Previously, several proteins known as RPS26 responders, e.g., murine Polycomb protein (Suz12) and Histone H3.3, were shown to be negatively affected by RPS26 depletion (Li et al, 2022). Here, we showed that they also negatively responded to the RPS26-specific siRNAs used in this study (Supplementary Figure 2F).

We further investigated whether the translation of FMRP might be affected by RPS26 depletion, as an open reading frame for FMRpolyG–which appears to be under the control of RPS26-sensitive translation–is derived from the same mRNA. To test this hypothesis, we treated human fibroblasts derived from a FXTAS patient and a healthy control with RPS26-specific siRNA. Our results indicate that RPS26 depletion does not affect FMRP levels, regardless of CGG repeat length in FMR1 mRNA (Figure 3F). Similarly, the FMRP level was not affected by RPS26 depletion in other cell models (Figure 3E).

Together, these results imply that although the presence of RPS26 in 40S subunit has a positive effect on RAN translation of FMRpolyG and other previously identified RPS26 responders, it does not affect the canonical translation of FMRP produced from the same mRNA. Moreover, a lack of significant differences in translation efficiency of long and short polyglycine-containing proteins in cells with insufficiency of RPS26 suggests that observed effect may depend on certain RNA sequences or structures within the 5’UTR of FMR1 mRNA or other features of this mRNA, rather than the CGG repeat length.

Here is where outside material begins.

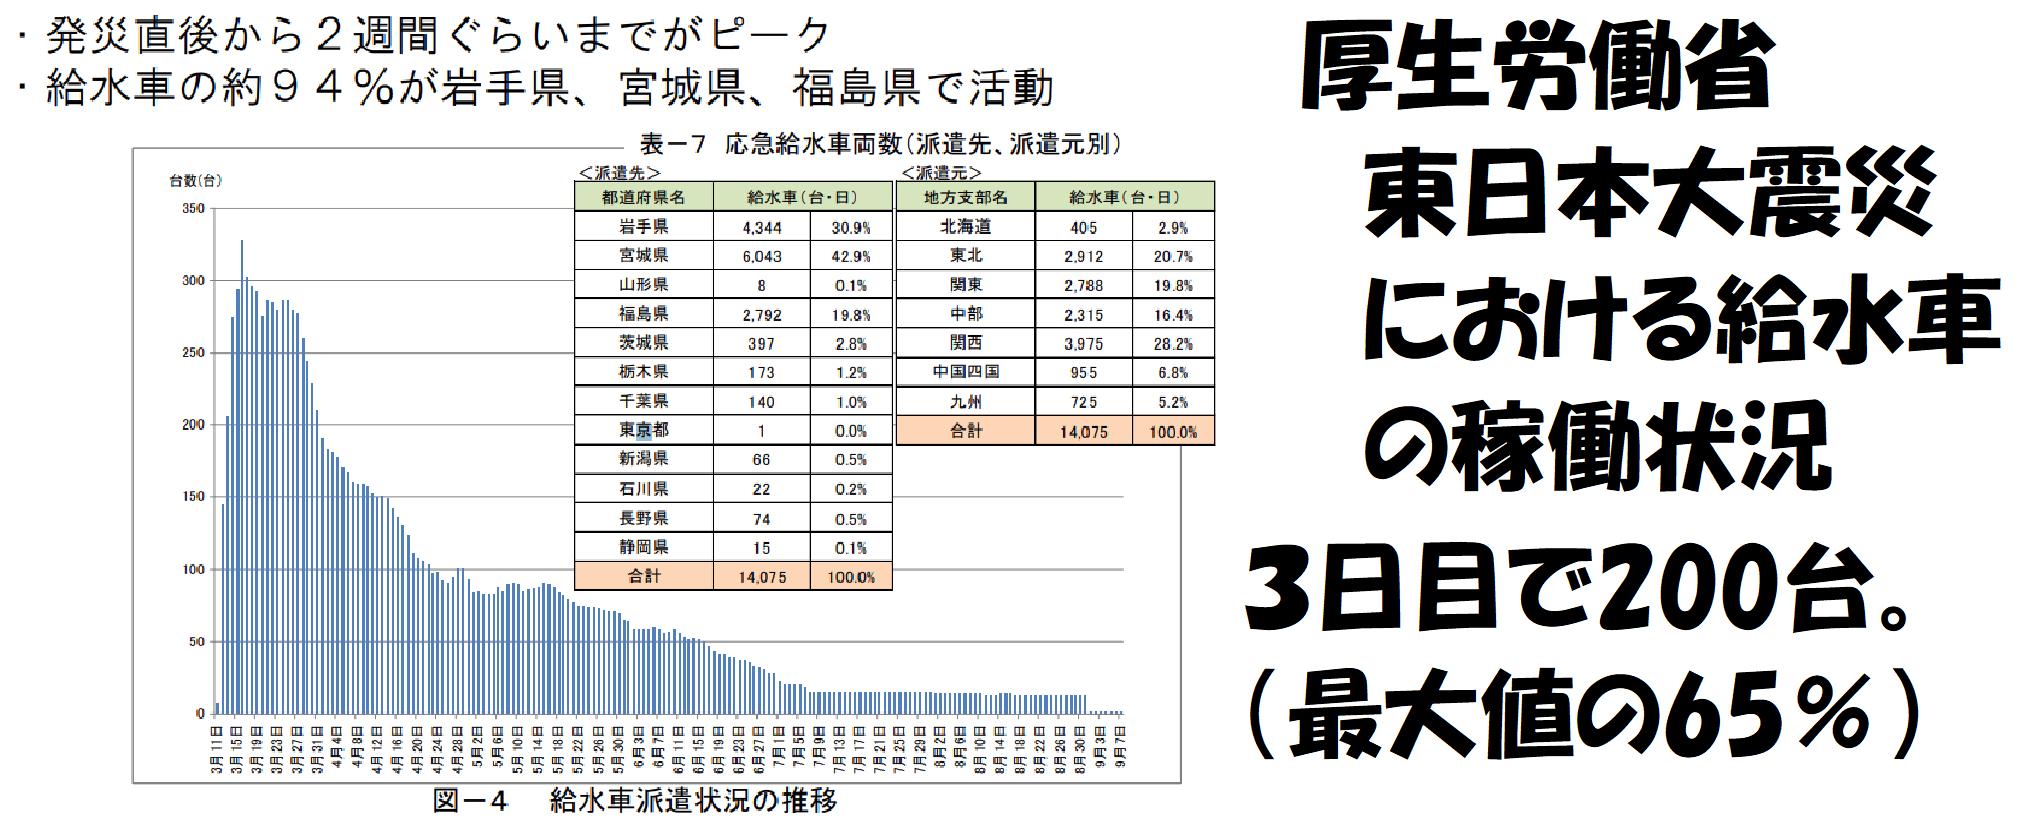 災害時の給水車の稼働状況(東日本大震災)

RPS26 depletion affects only a small subset of the human proteome

To assess globally which proteins are sensitive to RPS26 insufficiency, we used stable isotope labeling with amino acids in cell culture (SILAC). The protein expression level in control and RPS26-depleted HEK293T cells was determined via quantitative mass spectrometry (SILAC-MS, Supplementary Table 6). Using this approach, we identified over 2,600 proteins, with more than 80% identifications based on at least 2 unique peptides. Differential data analysis of quantified proteins (N = 1,887) indicated that most (ca. 80%) proteins identified by SILAC-MS were not sensitive to RPS26 deficiency; we named these proteins non-responders (N = 1,506) (Supplementary Table 7). We also identified set of proteins that negatively (negative responders; N = 223 if the P-value was < 0.05) or positively responded (positive responders; N = 158 if the P-value < 0.05) to RPS26 deficiency (Figure 4A, Supplementary Table 7). Non-responders were used as a background list in the GO analysis. An analysis of positive responders found that the proteins in this group were mainly components of translation initiation complexes or formed large ribosomal subunits (Figure 4B, Supplementary Table 8). A similar analysis for negative responders did not reveal any significantly enriched GO terms (Supplementary Table 8), partially due to the small number of identified proteins. To further validate this data, we performed western blots for selected negative responders (PDCD4, ILF3, RPS6, and PCBP2), non-responders (FMRP and FUS) or positive responders (EIF5 and EIF3J) from independent cell samples collected 48h post siRPS26 treatment (Figure 4C, Supplementary Figure 3A). Most tested proteins (6 out of 8) aligned with the quantitative SILAC-MS data (Figure 4C, Supplementary Figure 3A).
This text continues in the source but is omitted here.